(INFORMATION PROVIDED)
╭──

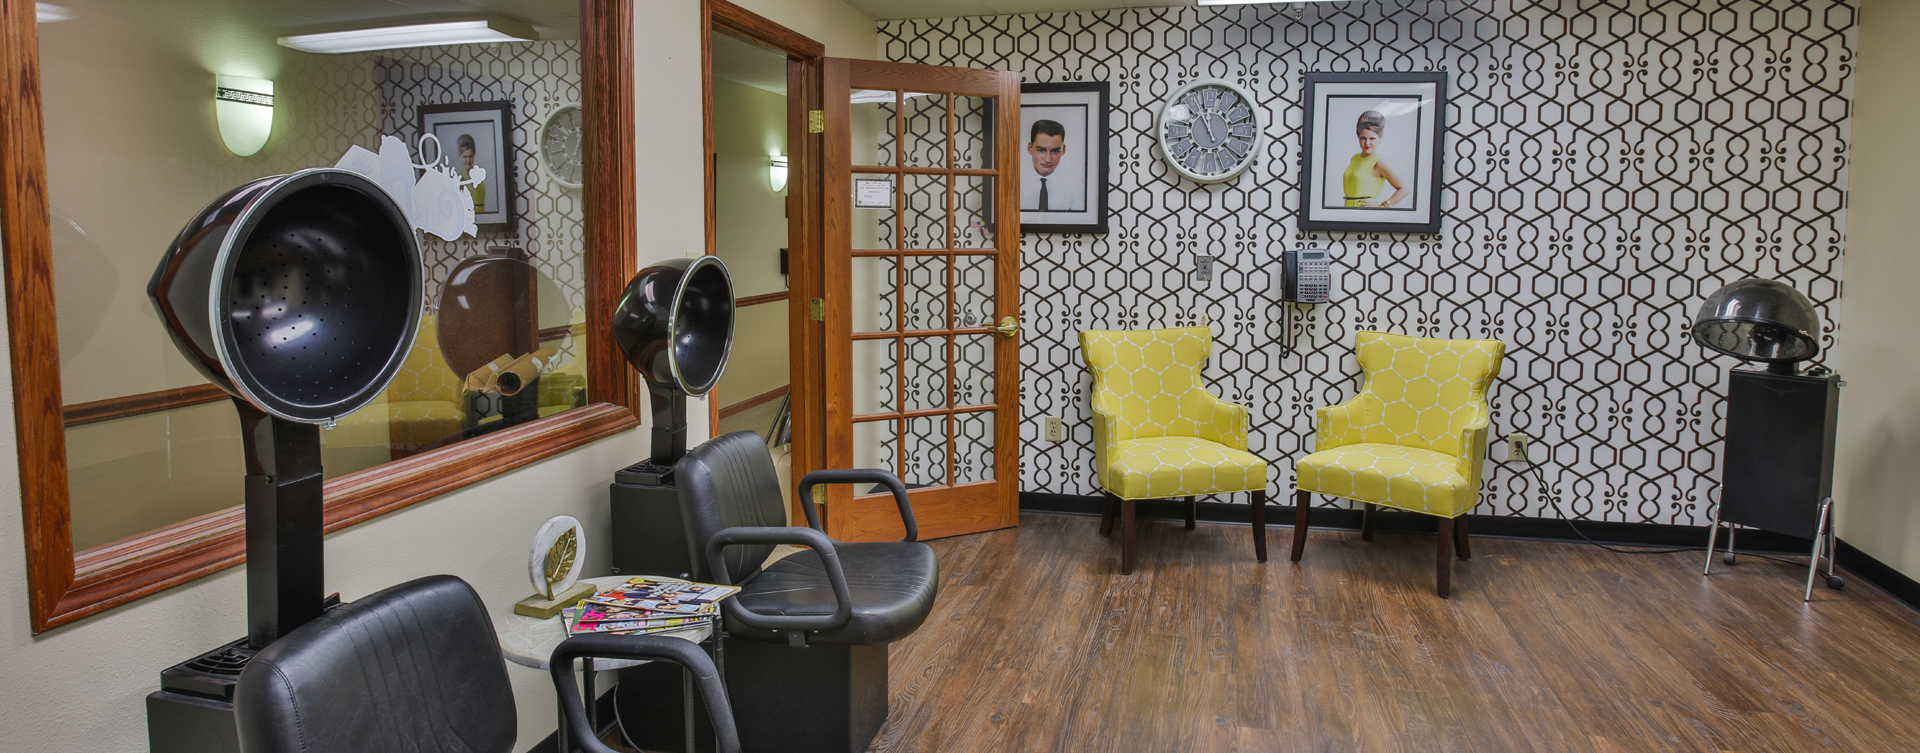 Strut on in and find out what the buzz is all about in the salon at Bickford of Peoria
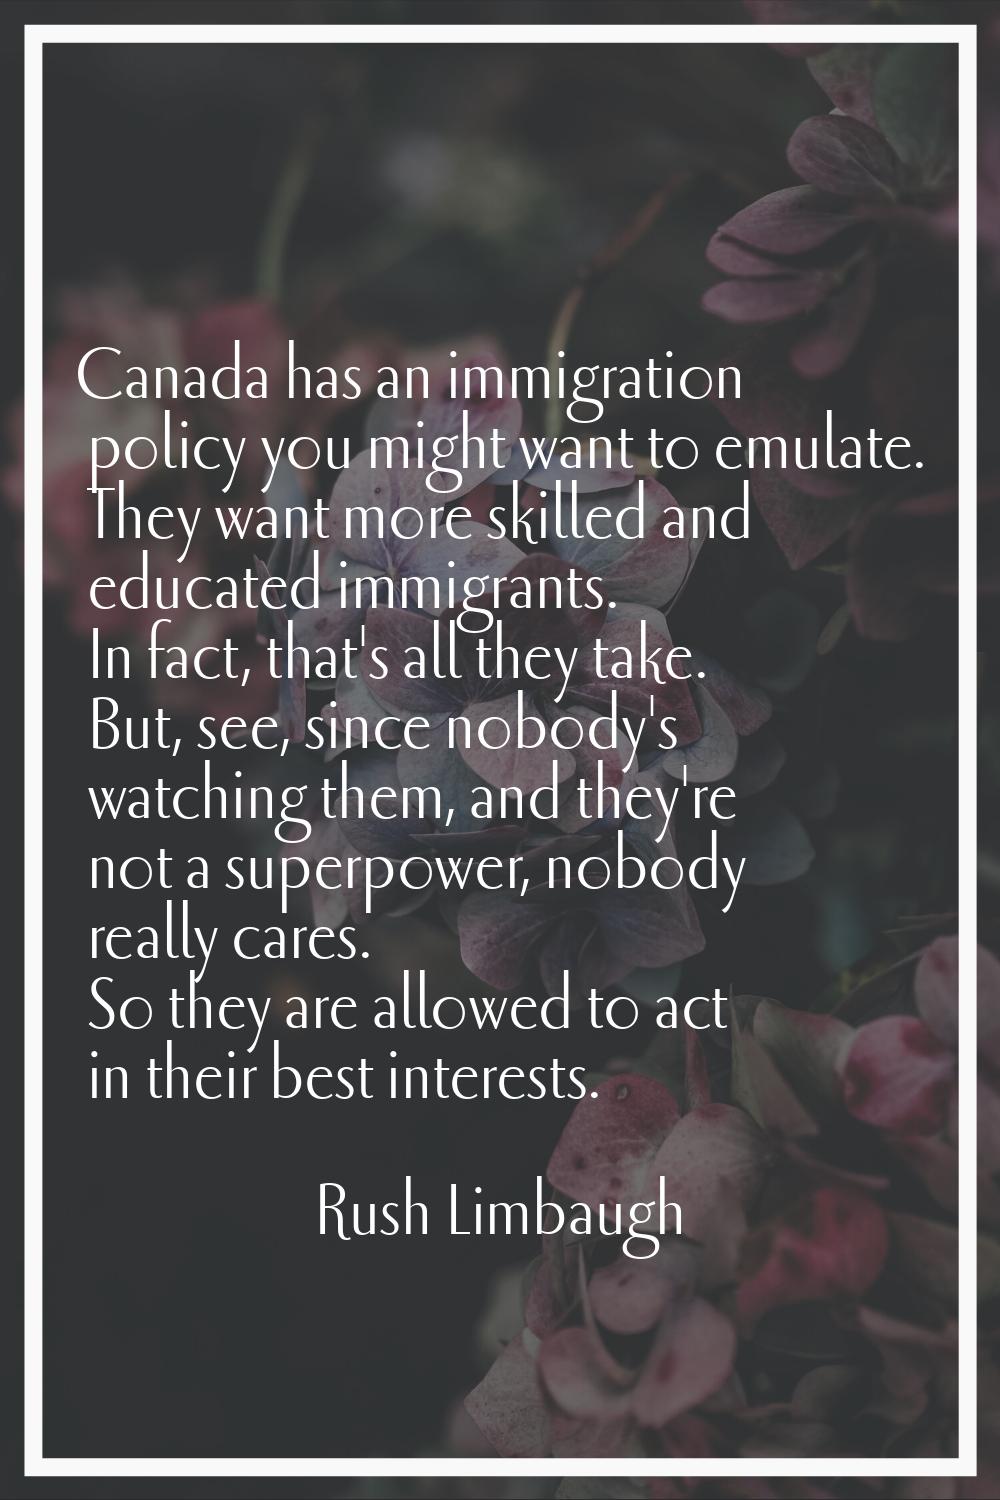 Canada has an immigration policy you might want to emulate. They want more skilled and educated imm
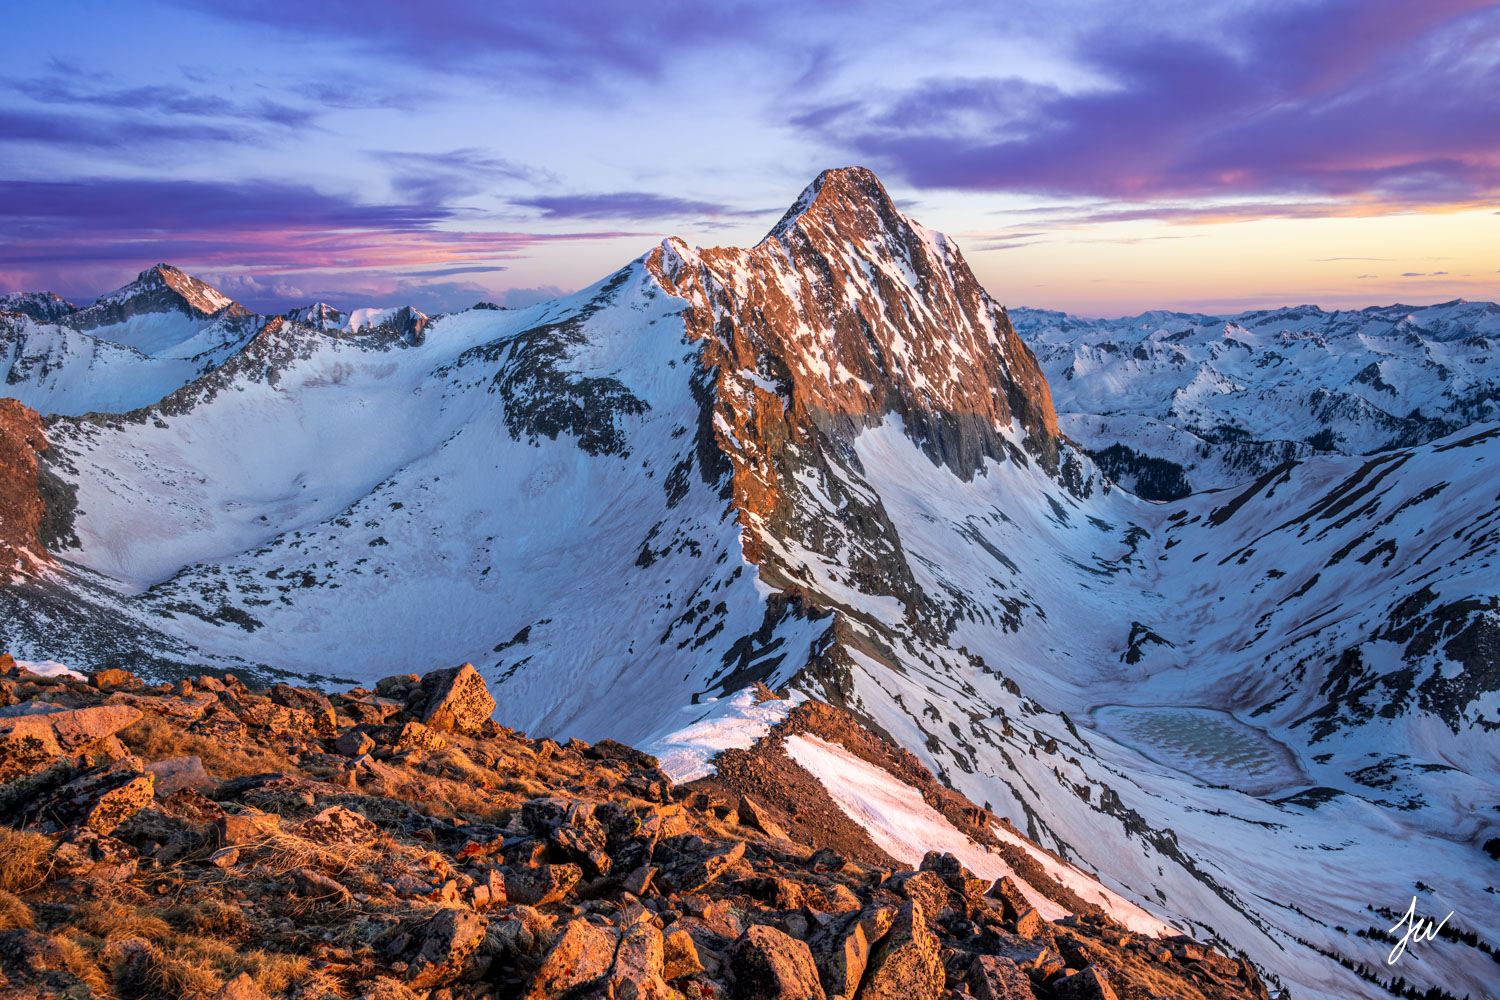 Sunset on Capitol Peak in the Elk Mountains of Colorado.

╰──

(REQUIRED ACTION) Repeat the data above exactly; images are not part of the copy.

(RESULT BELOW)
 Strut on in and find out what the buzz is all about in the salon at Bickford of Peoria
 Canada has an immigration policy you might want to emulate. They want more skilled and educated imm
 Sunset on Capitol Peak in the Elk Mountains of Colorado.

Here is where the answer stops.